The model eventually had only 10,000 variables. That is about a thousandth of the original system’s size.Strangely enough, though, it continued to function.
That outcome has a subtle implication. Contemporary AI systems frequently believe that intelligence necessitates enormous networks and limitless processing power. However, with far less machinery, the primate brain, which uses roughly the same amount of electricity as a lightbulb, accomplishes something far more remarkable.
As this research progresses, there’s a growing belief that biology might have found a solution to the efficiency issue long before Silicon Valley realized it.
The compact model is intriguing because, after simplification, it becomes transparent. The researchers were able to observe the internal workings of the system because there were fewer artificial neurons to examine. With today’s massive AI models, that is rarely feasible. Patterns started to show up.
Many artificial neurons separated images into their constituent elements, such as edges, colors, and curves, and then reassembled them in slightly different ways. An unexpectedly graceful procedure. One that reflects the behavior of actual neurons in biological vision systems.
Curved shapes, like those found in a pile of vegetables or a fruit display, were preferred by some artificial neurons. Others appeared to be fixated on tiny dots. The researchers were unprepared for that final detail.
But when you consider it, it makes sense. Primates’ eyes are basically dots. tiny, dark circles with deep social significance. It’s possible that the brain developed specific detectors just to identify them. A neuron may be silently waiting for dots somewhere in your brain right now. It’s an odd idea.
However, this work’s true potential might be hidden from view. These kinds of models, according to Cowley and his colleagues, could aid researchers in simulating neurological disorders, particularly those that impair neural connections.
Consider Alzheimer’s disease. Researchers are aware that as the illness worsens, synapses progressively disappear, impairing neuronal communication. One day, a simplified AI model may provide insights into how to reestablish lost connections if it can identify which visual cues promote neuronal connections.
Neural pathways may be strengthened by specific images or stimuli, though this is still unknown. It sounds almost unreal. using thoughtfully created visual experiences to treat brain disorders.

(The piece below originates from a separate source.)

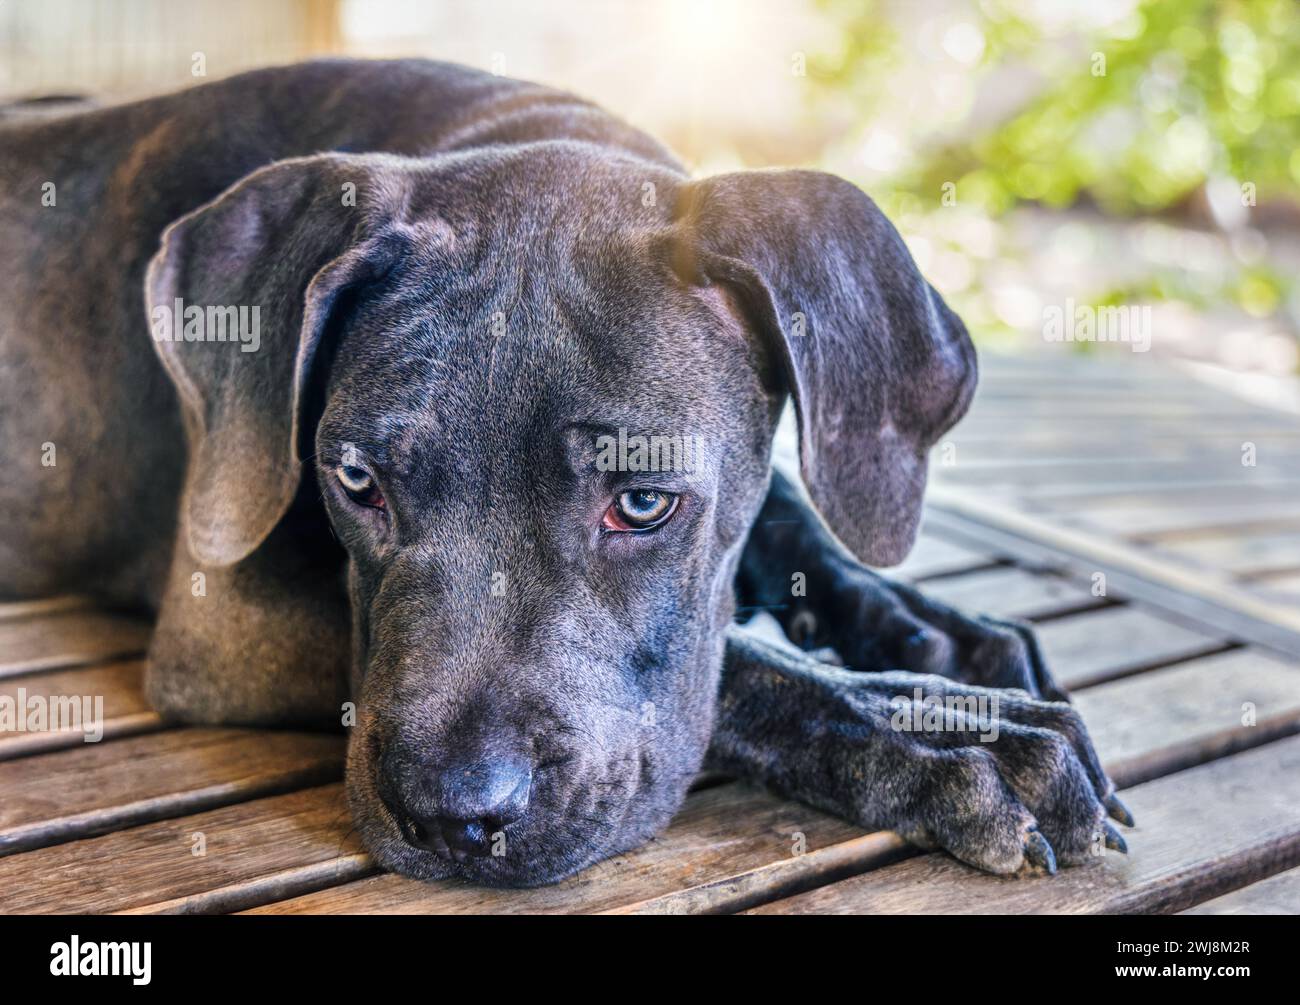 Black Boerboel puppy on the porch outdoors in the back garden at sunset. Boerboel is a South African breed of large dog of mastiff type, used as a fam Stock Photo

However, there is a history of bizarre discoveries in neuroscience that eventually find their way into standard medicine.
The study also raises unsettling issues regarding artificial intelligence in general outside of academic circles. Perhaps today’s AI systems are just… ineffective if primate brains use compact networks to achieve powerful perception. bloated machines that find difficult solutions.
Mitya Chklovskii of the Flatiron Institute is among the scientists who believe that contemporary AI is still based on antiquated theories about how the brain works. Simplified neuron models from the 20th century, long before contemporary neuroscience mapped the intricate structure of actual neural circuits, are largely responsible for deep learning.
This discrepancy may help to explain why AI still has trouble with such variations while humans can quickly identify a friend, even in low light or with a new haircut. There’s something crucial missing.
Cowley’s tiny AI brain is remarkable for how small it appears in comparison to contemporary systems. No expansive server farms. No models with a trillion parameters. Just a condensed network modeled after the neurons of monkeys. Not too big to send via email.
It’s still unclear if this strategy will result in improved AI or more profound understanding of the human brain. Seldom does science proceed in a linear fashion. However, as this new generation of biologically inspired models emerges, there’s a subtle sense that smaller machines, rather than larger ones, may be the source of the next big advancement in intelligence.